ただし痛みが無い場合は積極的に歯科医院へ行くという人も少なく、痛みを感じるころにはすでに炎症が重症化していることが多いのです。
3.親知らずで病院に行くタイミングとは
3-1.親知らずが生えてきたらすぐに病院にいくべき?
親知らずが生えたからといって、すぐに病院に行かなければならないというわけではありません。
なかには問題なく正常な向きで生えたり、虫歯にならないように管理していれば特に他の歯や周辺組織に影響もないという場合もあります。
3-2.腫れやすい体質はある?
歯ぐきの炎症は細菌の増殖が関係しているため、さまざまな腫れやすくなる因子があるということは確かに考えられます。
たとえば喫煙する人は、ニコチンが歯ぐきに悪影響であったり、糖尿病を抱えている人や妊娠中の人などは抵抗力が低くなっていたりホルモンの関係などで、通常よりも歯ぐきが腫れやすい体質といえます。

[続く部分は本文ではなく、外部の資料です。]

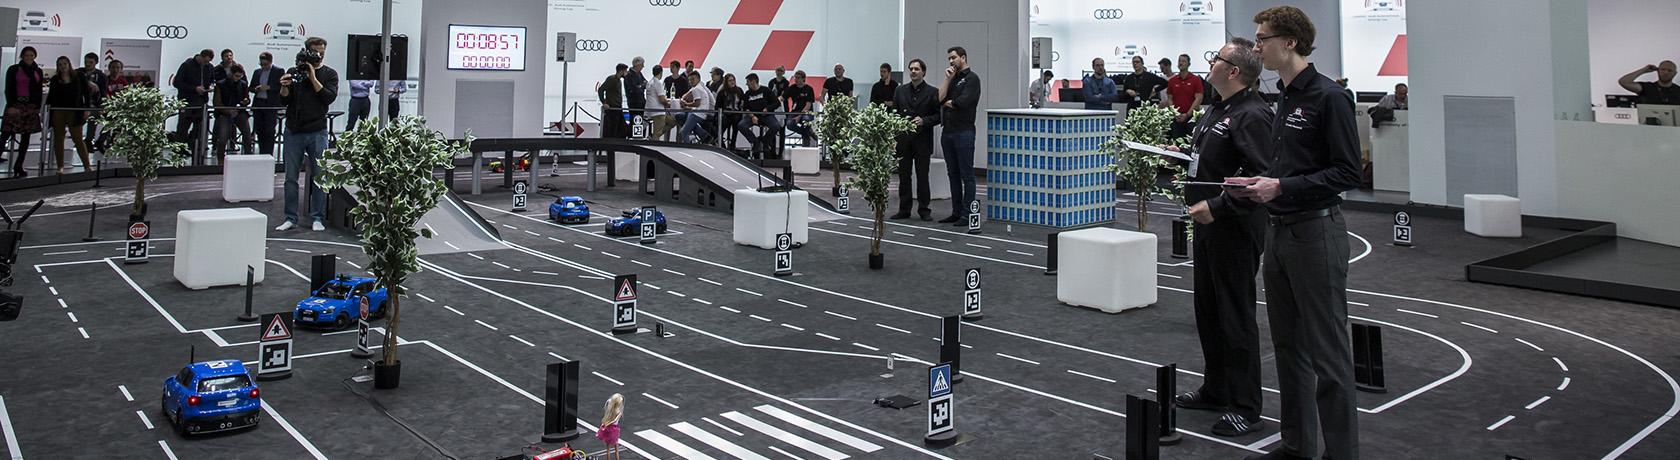 A contest between high-tech models to develop autonomous driving

このように、体質で腫れやすい因子を持った方で親知らずが生えてきた場合には、早めに歯科医院で診察を受けて対処したほうがよいでしょう。
3-3.どのタイミングで病院にいくべき?
あまりにも腫れがひどい場合には、すぐに処置ができないこともあります。
お口が開かなかったり、炎症で麻酔が効かないとなると、処置や抜歯ができないからです。

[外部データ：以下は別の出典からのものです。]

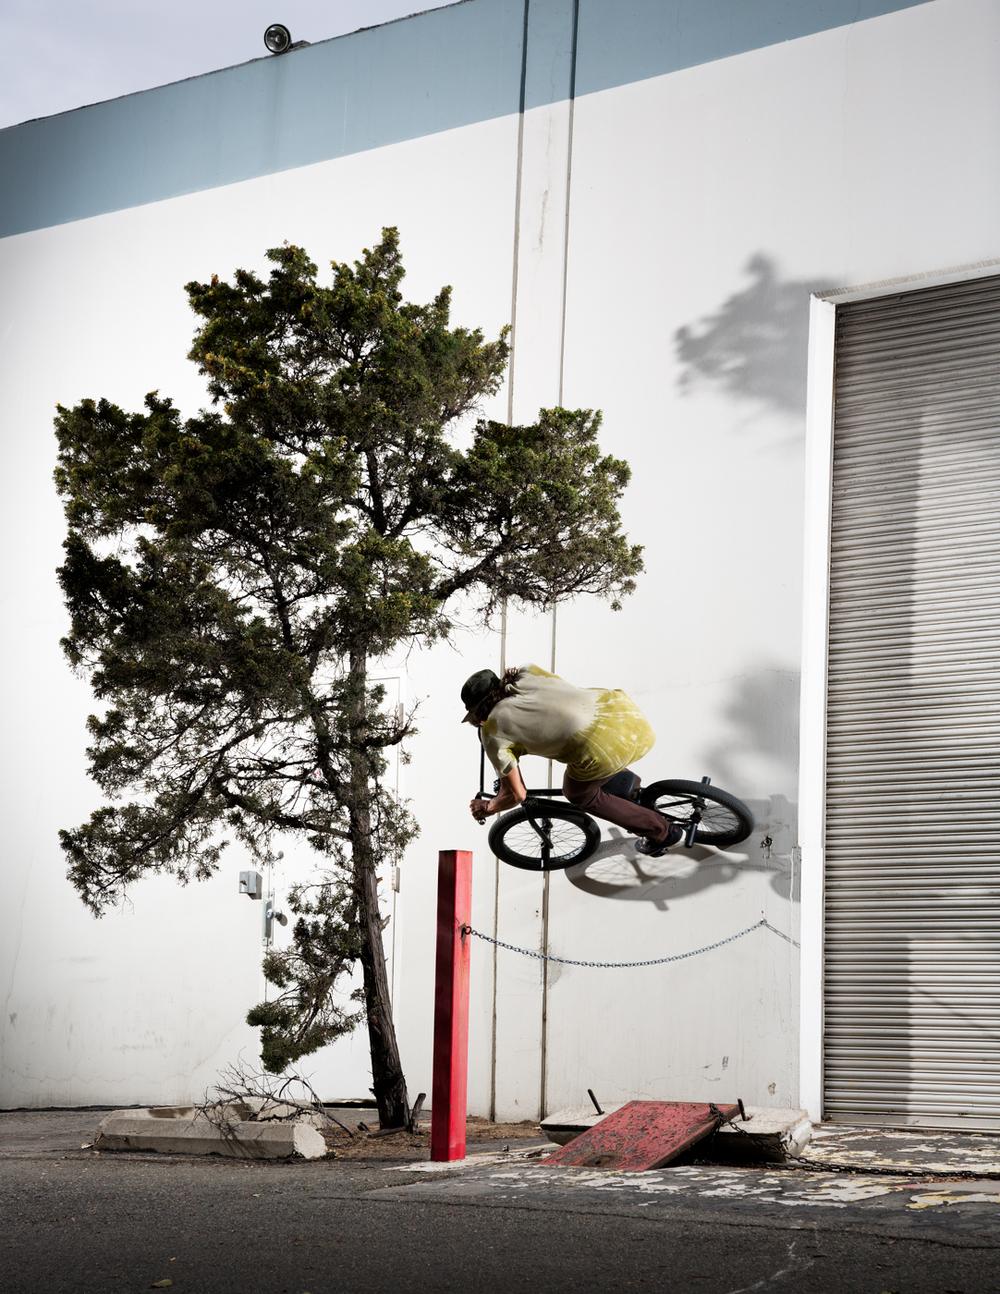 Mike Mastroni BMX Wallride

そこで、親知らずが生えたことに気付いたら、状態を確認するために早めに歯科医院で診てもらうことをおすすめします。
3-4.歯科医院で定期管理してもらいましょう
親知らずは正常に生えてくれば問題なく過ごすことができますが、正常に生えてこないことの方が多い歯でもあります。
そこで、まずは自分の親知らずがどのような状況なのかを把握しておくとよいでしょう。
そのためには歯科医院での定期検診を受けておくと、自分では気づけない症状なども気づくことができ、早期に対処することができます。
そうすれば腫れが重症化してしまうことも予防できるでしょう。
まとめ
親知らずが腫れると、さまざまな障害を招いてしまうことにつながってしまいます。
まずはなぜ腫れるのか、腫れたらどんな症状を起こすのかを理解し、自身の親知らずの状況を確認することが大切です。
親知らずは自分ではなかなか管理できないため、歯科医院で定期検診を受けながら対処してもらうことをおすすめします。